I’m going to say something that has probably never been said about any production of Annie… ever:
Even the dog is bad.
Nobody gets out alive in this. Nobody.
To be perfectly honest, the preview was so horrific that I was hoping for (at least) a little bit of a train wreck. Plus, I still don’t understand the purpose of doing Annie without…Annie (a little girl resembling the famous cartoon character gets dissed for being uncool in the first sixty seconds). Therefore, I was somewhat disappointed during the first forty minutes or so because, for this duration, the movie’s just poor.
And then Cameron Diaz “delivers” what is typically Miss Hannigan’s show-stopping number “Little Girls.” And stop the show she does. Terminally and fantastically. Your teeth will hurt. The first couple to exit the theater took their leave right after this song. Like good punctuation.
Cameron has been instructed to play Miss Hannigan as an alcoholic, white-trash welfare queen who’s bitter about not having a music career. It’s amazing. It’s like she’s not in a movie, but a campfire skit. Or a Sid & Marty Krofft show in the 70’s. You will not understand.
From then on, it’s one of the worst movie musicals in history.
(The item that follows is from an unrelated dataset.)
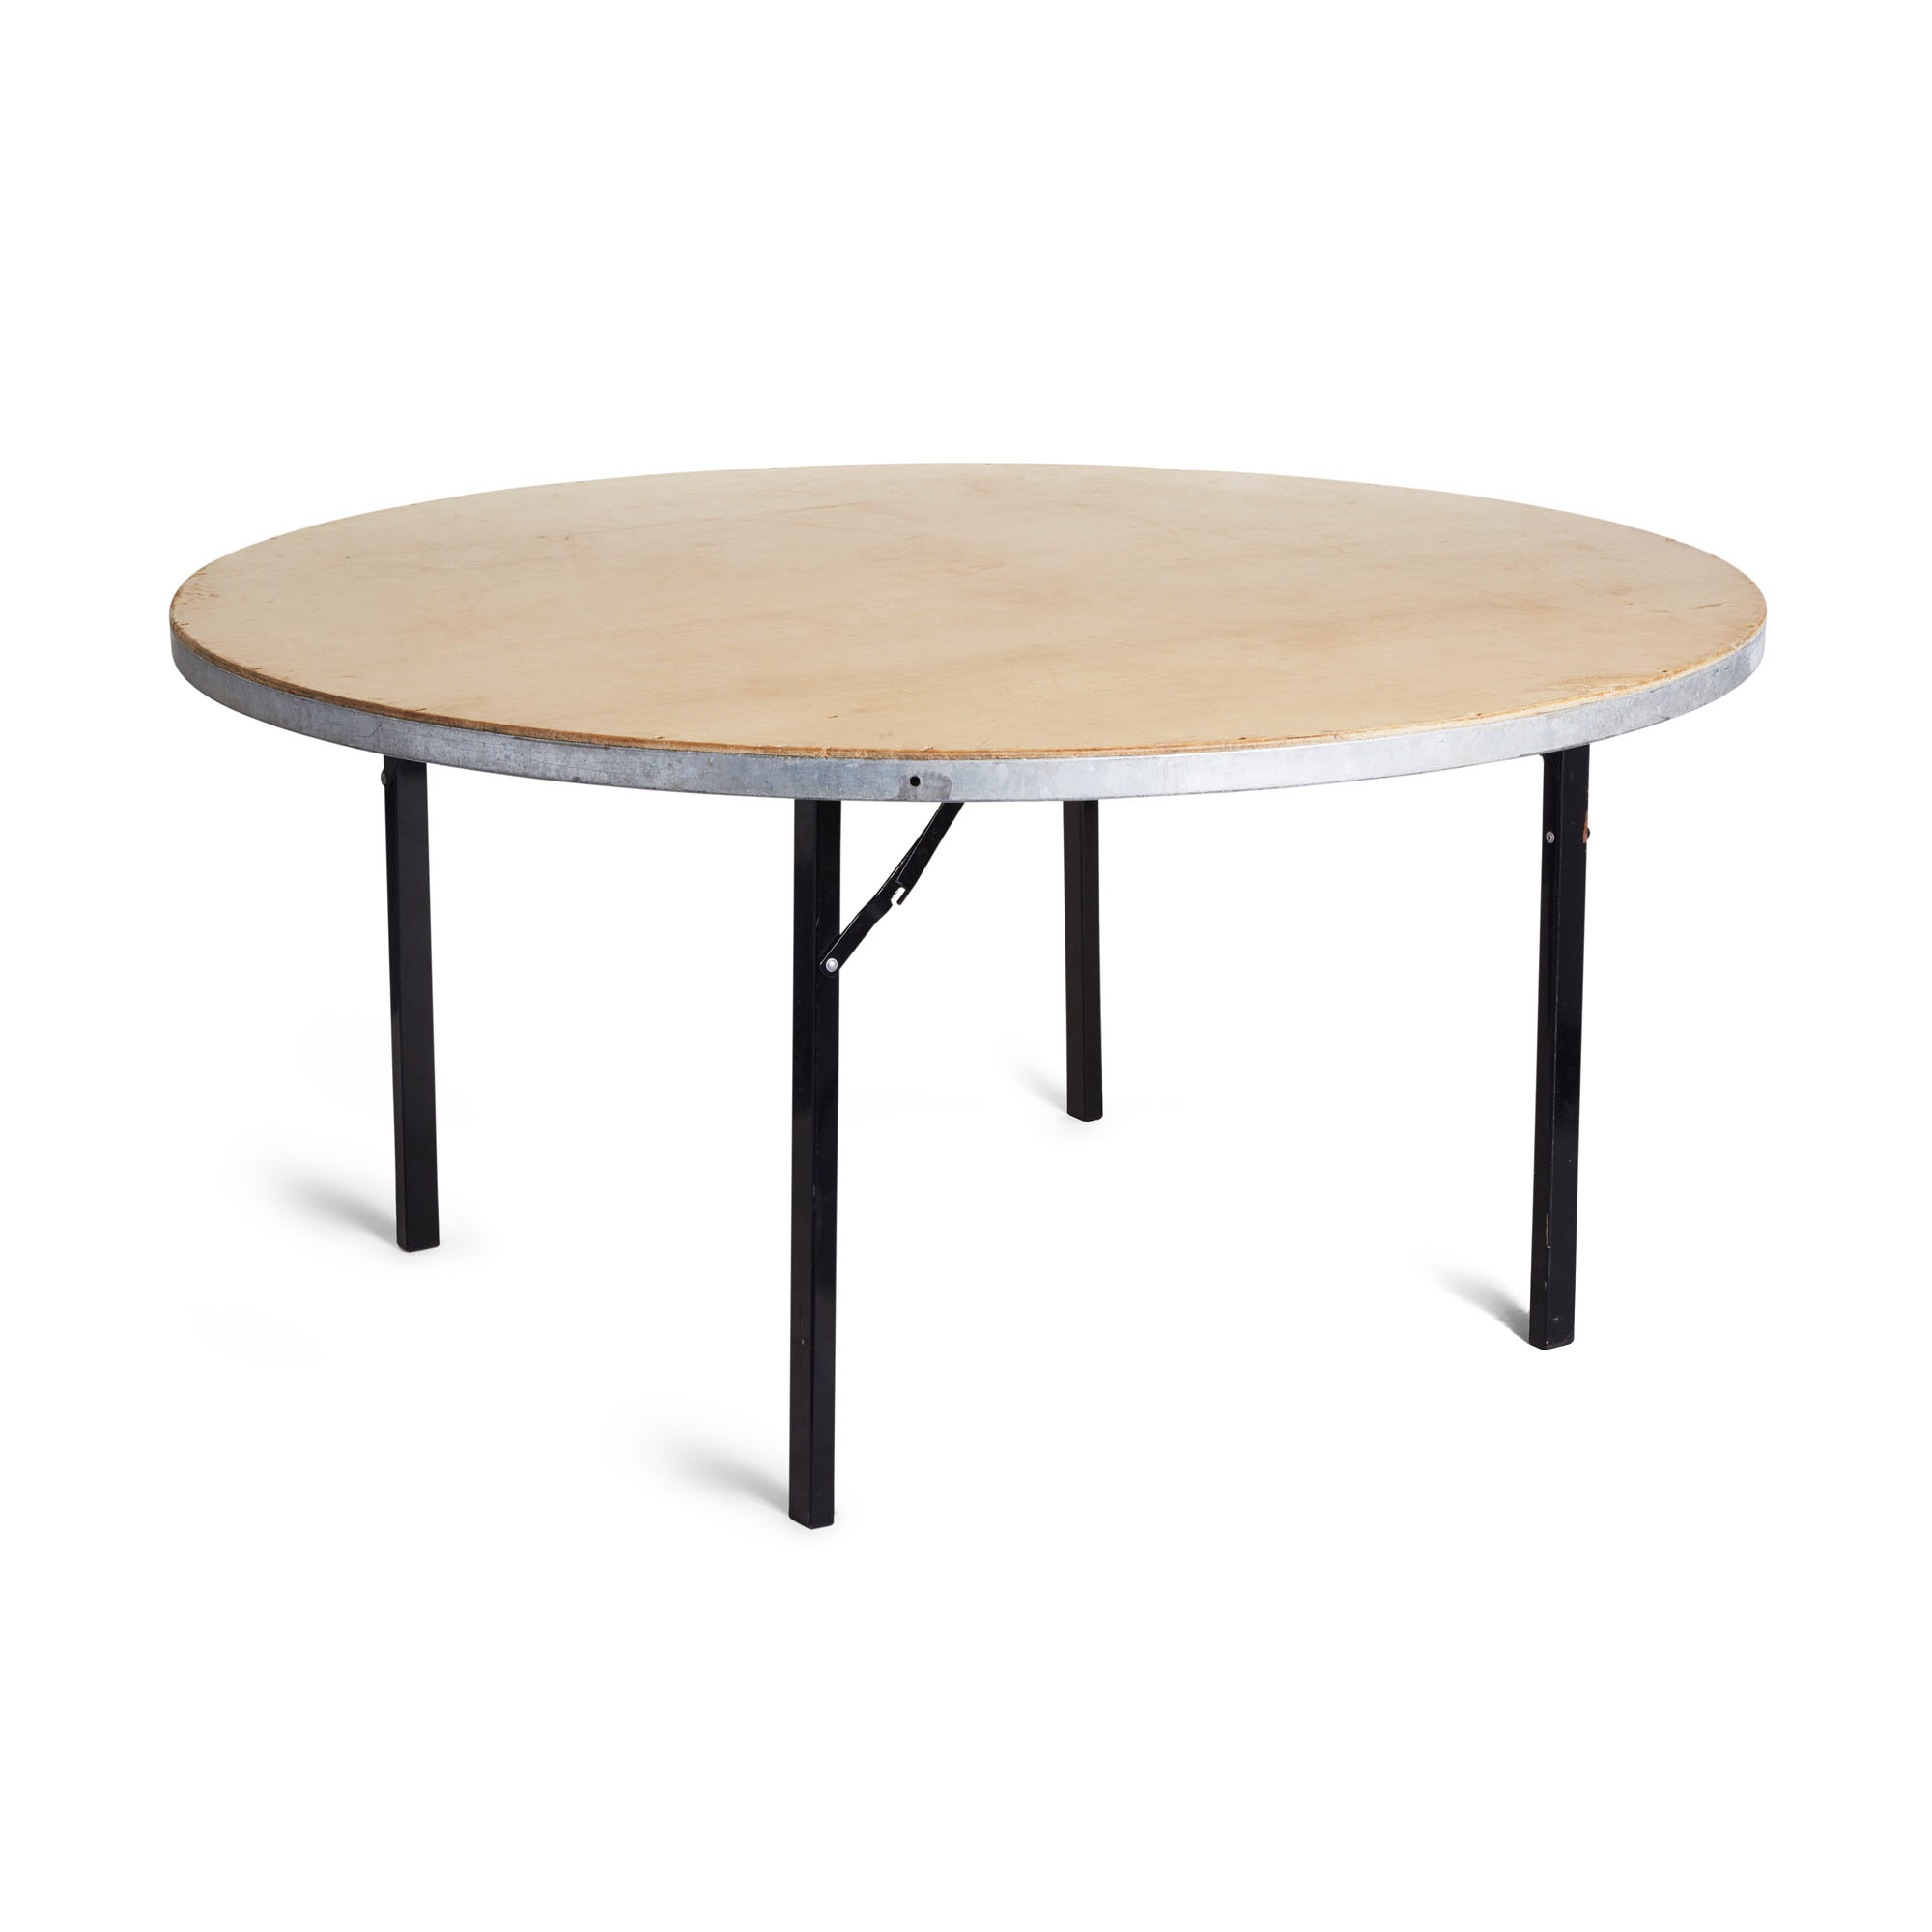 Banquet Large Round Table Seats 10, How Big Are Round Tables That Seat 8m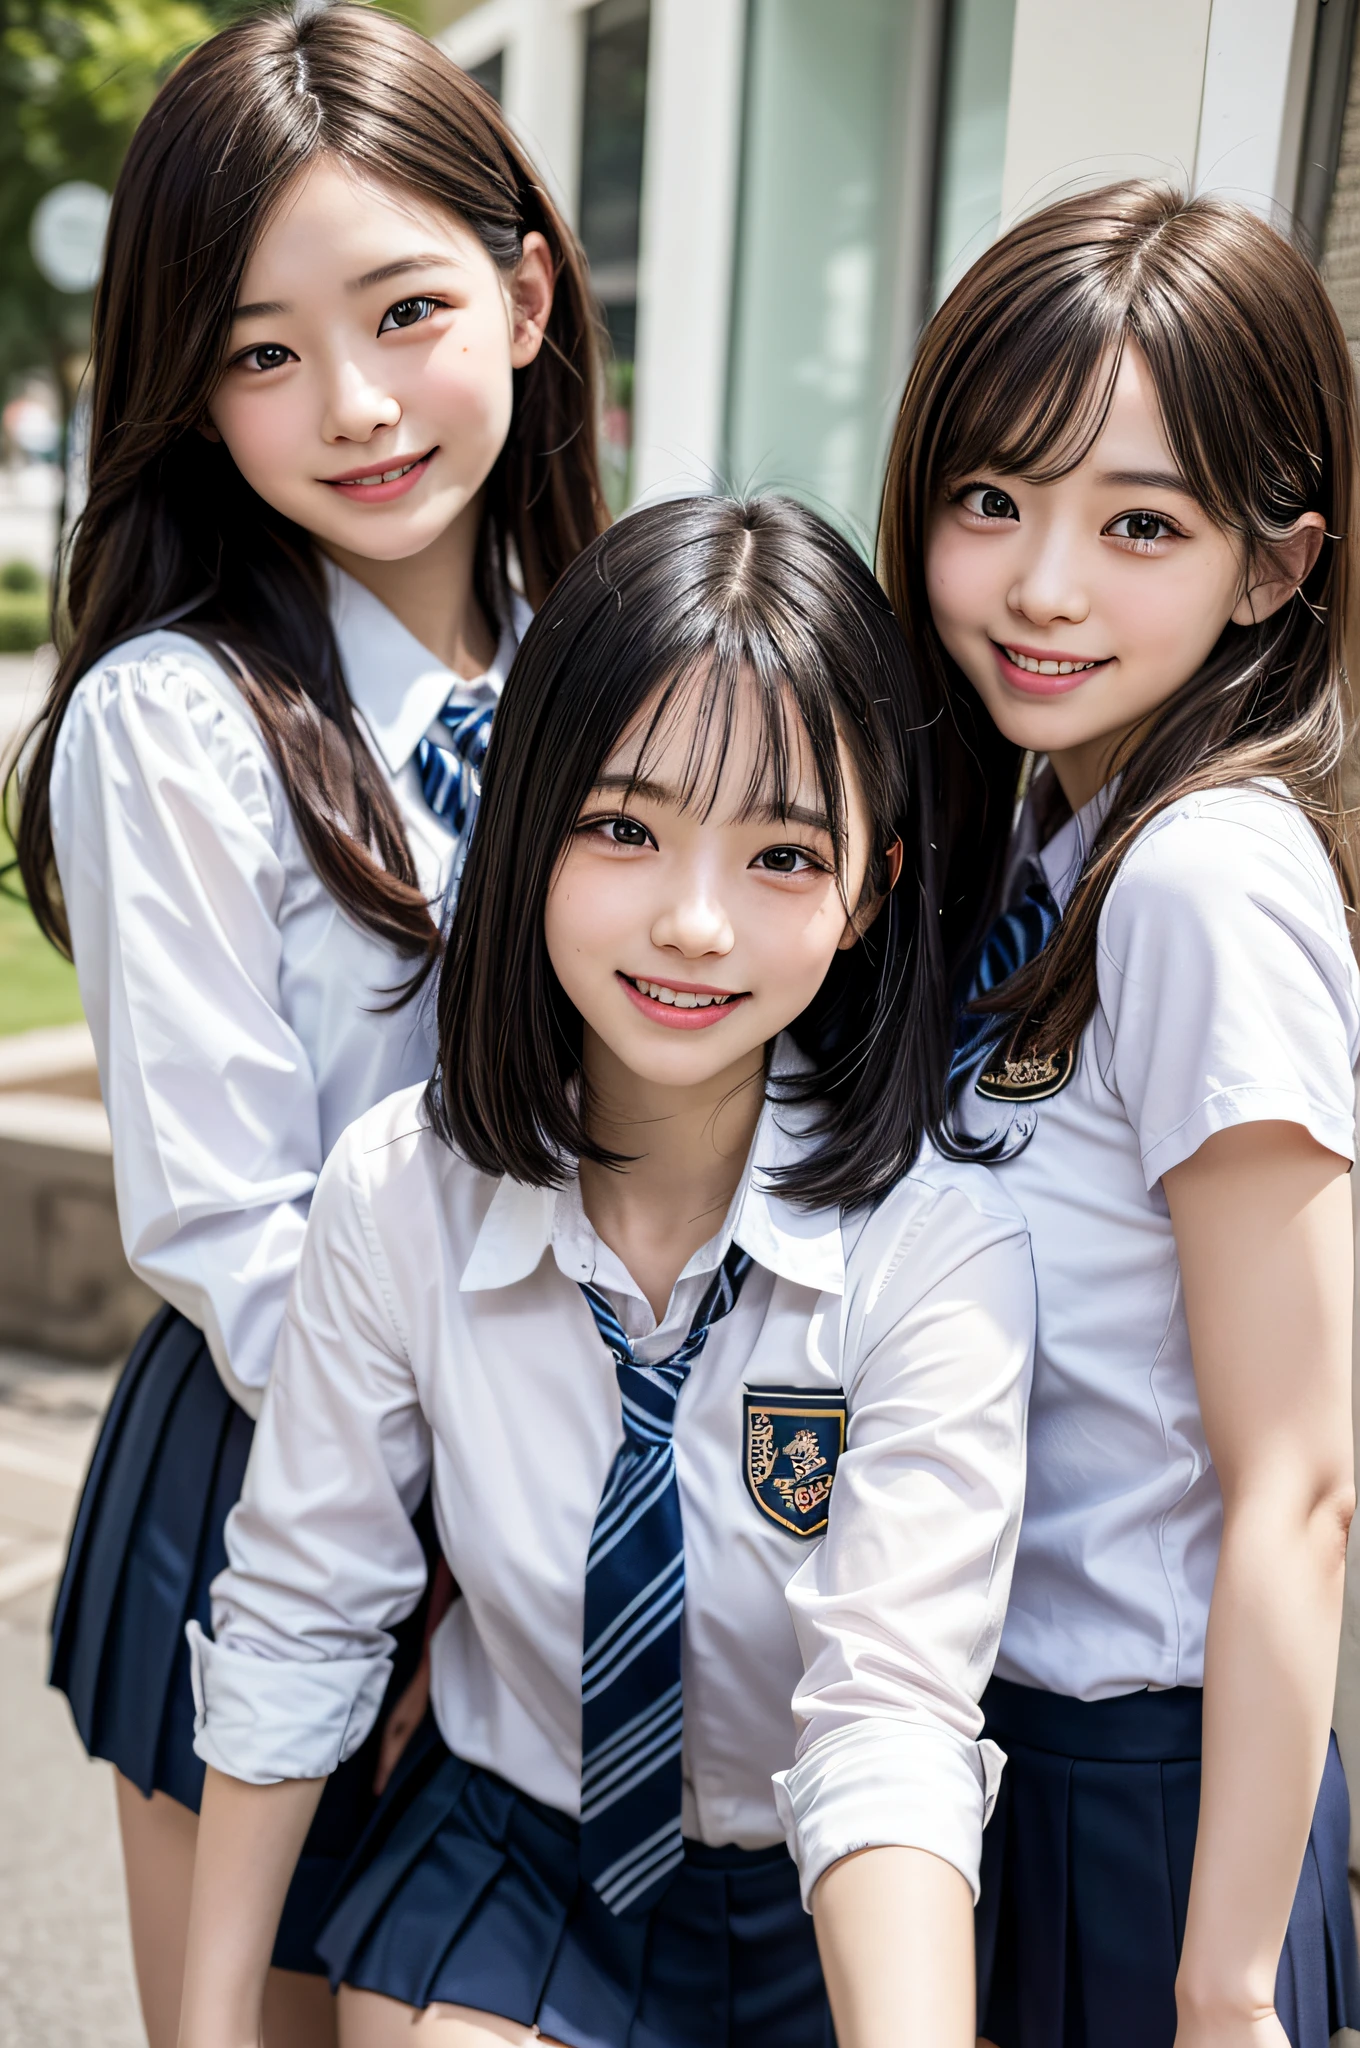 (3girls), cute face, Best Quality, realistic, raw photos, professional photograpy, (School uniform, pleated mini skirt), We don’t laugh because we’re happy – we’re happy because we laugh, focus on the girls,

The next hour is filled with jaw-dropping, head-scratching attempts to put A LOT of “stank” on the proceedings. Classic songs from the score and new material by Ja-yZ are mashed together in an awkward, clumsy, and incredibly auto-tuned mess. Sometimes it sounds like a female Stephen Hawking hitting the high notes.
The kid playing Annie (Oscar-nominated actress Quvenzhane Wallis) is pushing this as hard as a commercial actor selling juice-boxes. If you’re gonna star in Annie, you need to be able to sing and dance. Like…really well. The sweet thing can’t do either. Period. Apparently playing a starving kid who doesn’t talk much does not prepare one for musical comedy.
Character actor Bobby Cannavale will have nightmares about singing “Easy Street” for the rest of his life. Every number executed by an adult is an assault in this thing.
Jamie Foxx, Rose (lovely-but-really-can’t-sing) Byrne and everybody else flail like dying dolphins to sell this to a six year-old audience. But, no.
Really, no.
You would have to go back to Lucille Ball’s Mame to catch a Broadway classic; this was gang-raped by so many talented people in a misguided film adaptation. And that includes Rent.
But the unforgivable:
The dog is not good.
Don’t.
Not even for the kids.
You’ll be sorry.
P.S. Loudinni specializes in reviews you can read in under a minute.